Exercise 6.4. Write a computer program to implement Newton’s method and use it to find the roots in the examples above, where Newton’s method works.

Secant method

A variant of Newton’s method is the Secant method, where we start with two estimates of the root, \(x_{0}\) and \(x_{1}\) and estimate the derivative as being the Newton quotient

\begin{equation*} Q(x_{0},x_{1})=\frac {f(x_{1})-f(x_{1})}{x_{1}-x_{0}}, \end{equation*}

so that

\begin{equation*} x_{2}=x_{1}-\frac {f(x_{1})}{Q(x_{0},x_{1})}=x_{1}-\frac {f(x_{1})}{\frac {f(x_{1})-f(x_{1})}{x_{1}-x_{0}}}. \end{equation*}

This means that the iteration scheme is given by

\begin{equation} x_{n+1}=x_{n}-\frac {f(x_{n})}{Q(x_{n-1},x_{n})}=x_{n}-\frac {f(x_{n})}{\frac {f(x_{n})-f(x_{n-1})}{x_{n}-x_{n-1}}} \label {eq: secant method} \end{equation}

Geometrically, the secant method can also be viewed as constructing a line nearby our function and moving to the point where this line cuts the \(x\)-axis. However, this line is no longer a tangent line, but is a secant.

Example 6.5. For
\(\seteqnumber{0}{6.}{7}\)
\begin{equation*} f(x)=x^{2}-10, \end{equation*}

and taking \(x_{0}=2\), \(x_{1}=3\) we find \(x_{2}\) using the secant method as follows:
\(\seteqnumber{0}{6.}{7}\)
\begin{align*} x_{2}&=x_{1}-\frac {f(x_{1})}{\frac {f(x_{1})-f(x_{0})}{x_{1}-x_{0}}}\\ &=3-\frac {-1}{\frac {-1-(-6)}{3-2}}\\ &=3+\frac {1}{7}\\ &=3.14286. \end{align*} This is an equation that we can solve directly by the rearrangement method since \(f(x)=0\) corresponds to \(x^{2}=10\) so the exact answers are \(x=-\sqrt {10}\simeq -3.16228\) and \(x=\sqrt {10}\simeq 3.16228\). We can see that \(x_{2}\) is already approaching this exact answer.

Convergence and errors

The absolute error of a numerical method is the difference between the true solution \(x\) and the approximate solution \(\xi \), \(\epsilon =\vert x-\xi \vert \). It can be hard to estimate the absolute error unless we already know the exact solution.

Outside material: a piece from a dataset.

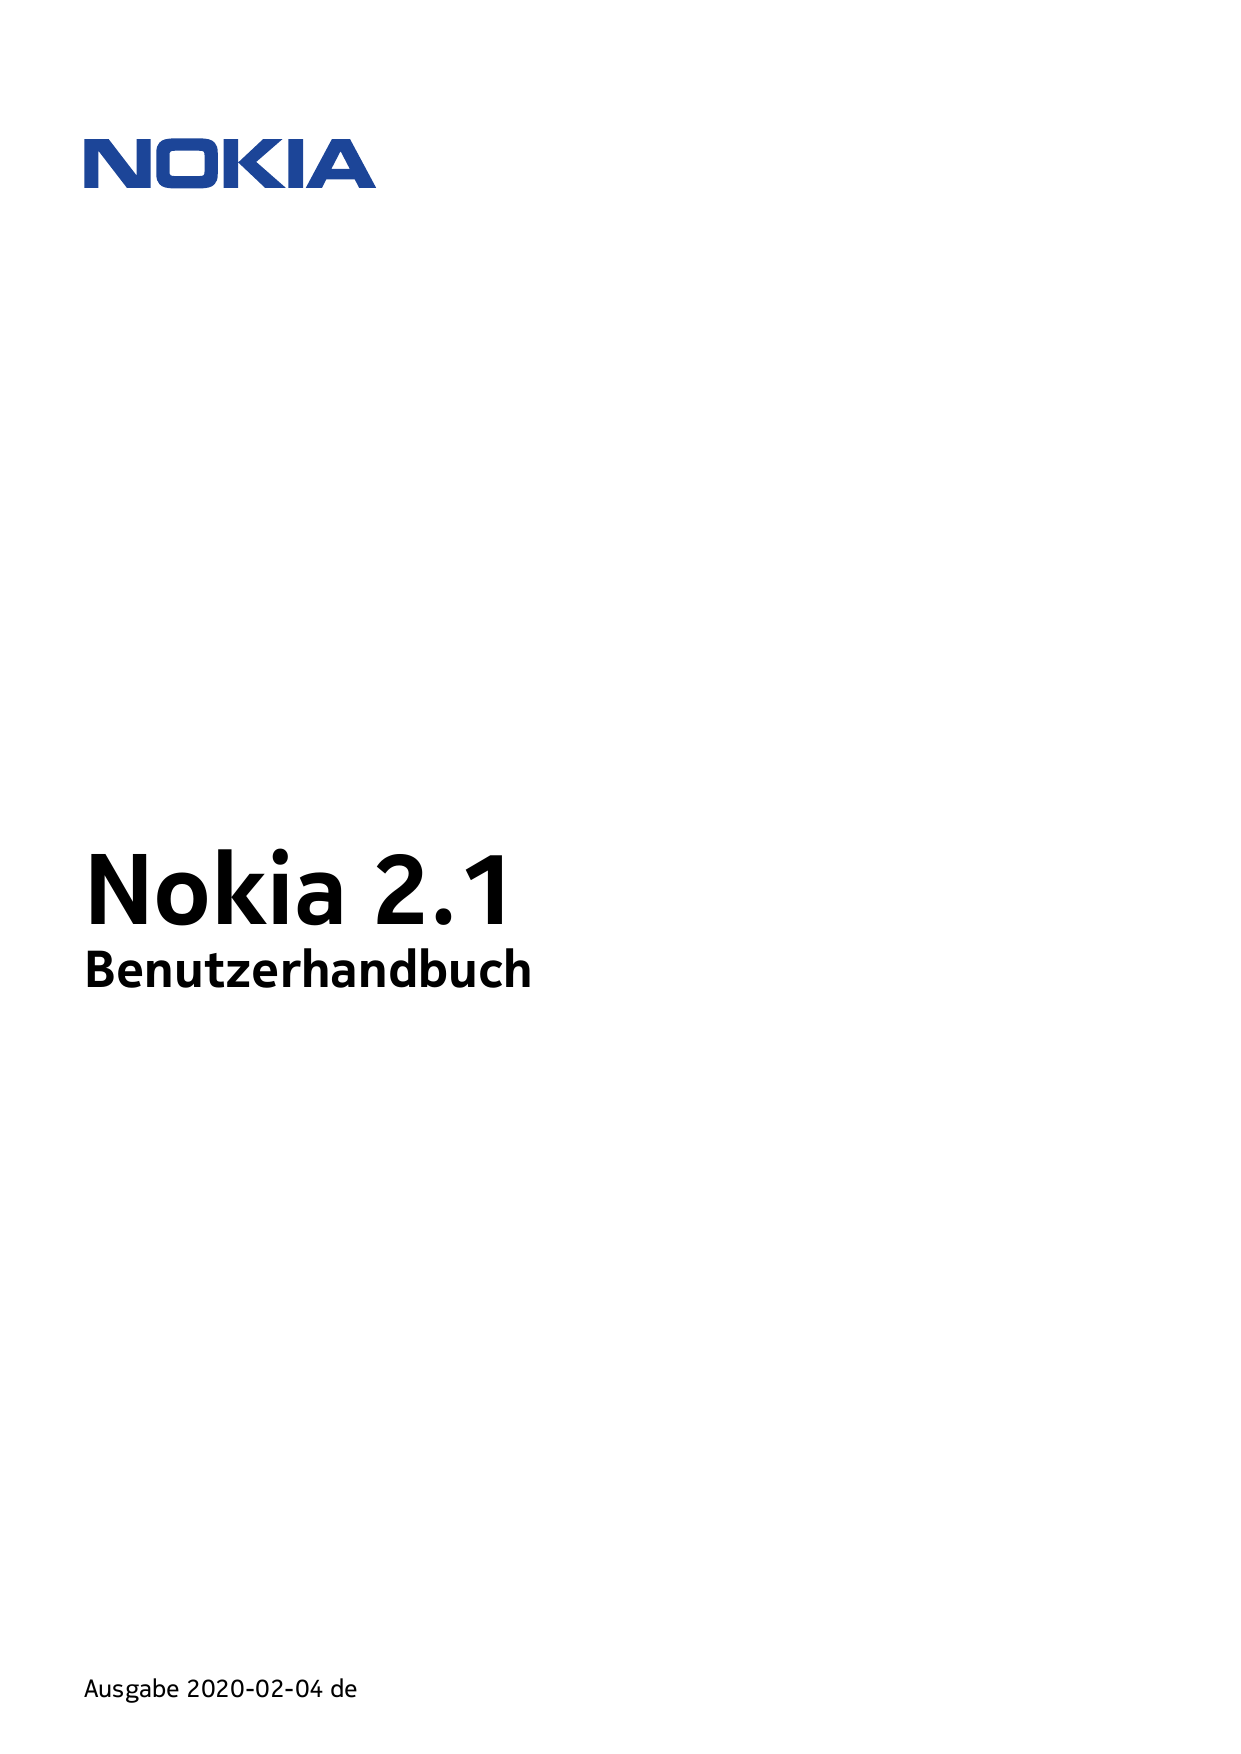 Nokia 2.1BenutzerhandbuchAusgabe 2020-02-04 de

We say that an iteration scheme converges when it subsequent iterations do not change the value of \(x_{n}\), at least to the accuracy that we are looking for. Not every method will converge for a given problem, We have already seen that Newton’s method does not converge for the cube root, \(\sqrt [3]{x}\). You will gain experience of which methods works best for which type of of problem. In this module, you will mainly be using Newton’s method so you need to remember that it can fail.